Davies raised a quizzical eyebrow. “What’s the matter?”

“My patrol truck is still at the jail. The technicians were going to vacuum it for fibers.” One happy consequence of the situation dawned on me. “It looks like we’ll have to do that ride-along some other day.”

The reverend removed an iPhone from her pocket. “Why don’t you call the jail? Maybe the tech people are done with your truck. I can give you a lift over there.”

The next thing I knew, Davies had connected me with the sheriff’s secretary, who informed me that, yes, the state police were done collecting fibers and I could now retrieve my truck from the jail garage. I looked at the chaplain’s Volkswagen, imagining the sad picture of me riding in the passenger seat of that ludicrous vehicle. Her vanity license plate read
REVDD.

“Don’t be such a sissy,” Davies said, once again exhibiting her uncanny ability to read my mind. “Hop in.”

I obeyed.

Fastening my seat belt, I had a premonition of the reverend using the circumstance as a trap to investigate the inner corners of my emotional state. My intuition proved correct.

“Michael,” she began. “I deal with lots of people in pain. That’s my area of expertise. You know the one thing that never works? Bottling up your emotions.”

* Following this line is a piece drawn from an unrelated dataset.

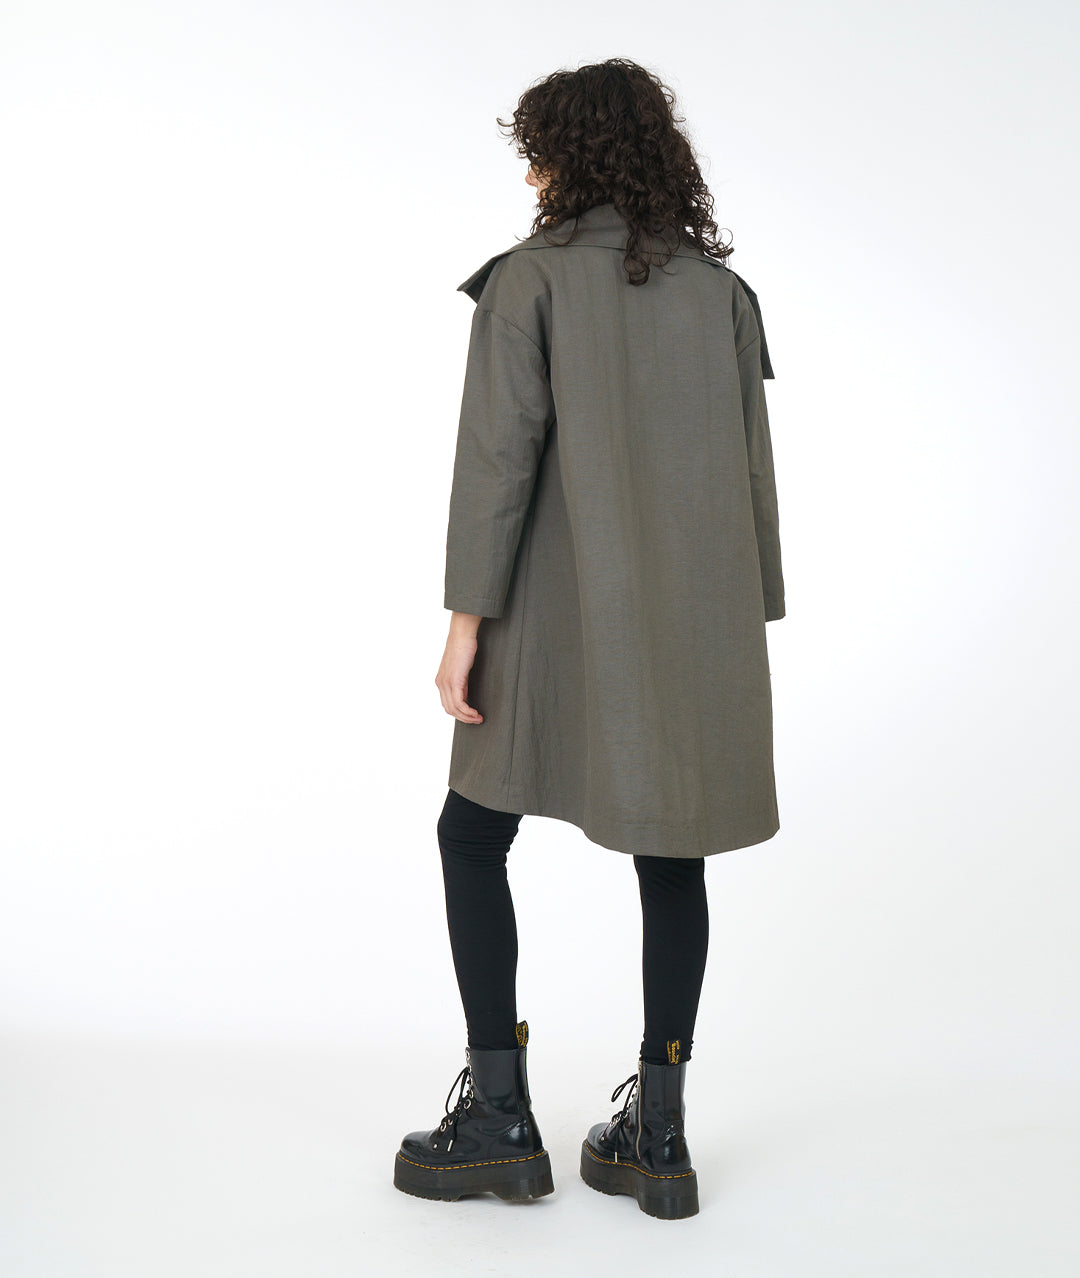 model in a black legging and top, worn with a grey jacket with an oversized collar and asymmetrical pocket detail

I squared around. “Look, Reverend. I appreciate what you’re trying to do, but you’re not going to get anywhere with me. I’m kind of an atheist.”

“‘Kind of an atheist’?” She gave me a dazzling flash of teeth. “That’s like being kind of pregnant. Are you an agnostic?”

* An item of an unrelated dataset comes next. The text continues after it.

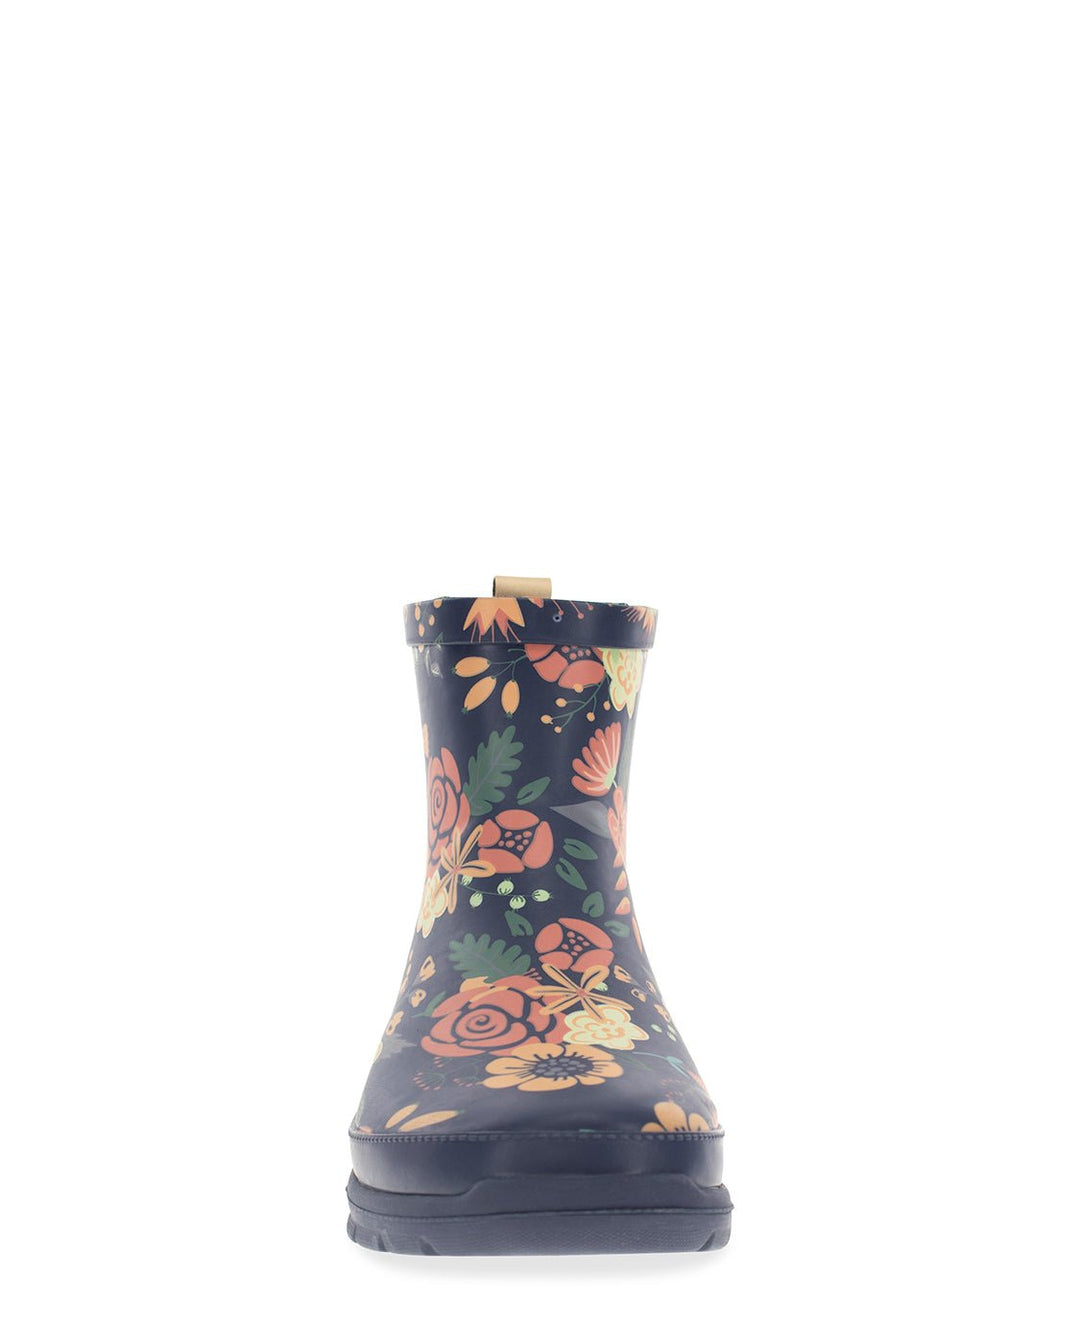 Women's Bloomer Ankle Rain Boot - Navy - Western Chief

“I don’t believe in God,” I said flatly.

She seemed to ignore this comment. “Remember what I was telling you about my sermon on Dante. In the
Inferno,
he condemns suicides to the seventh circle of Hell. In the poem, he transforms people who have killed themselves into thorny trees that bleed when a branch is broken off. It’s a horrible image of souls condemned to suffer forever, unable to move or defend themselves from torment because of the offenses they’ve committed against their own bodies.”

“Why exactly are you telling me this?”

“Even an atheist has to admit it’s a powerful metaphor. I think you feel responsible for more than you let on, Michael. Your father especially. No one should carry that amount of guilt.”

I cracked the window so the wind would drown her out. “Who says I feel guilty?”

Davies reassessed her approach. We drove along for five minutes through a brown-and-gray wasteland. Some flakes of light snow began to fall, salting the windshield. She flicked on the wipers, but the crystals blew off on their own.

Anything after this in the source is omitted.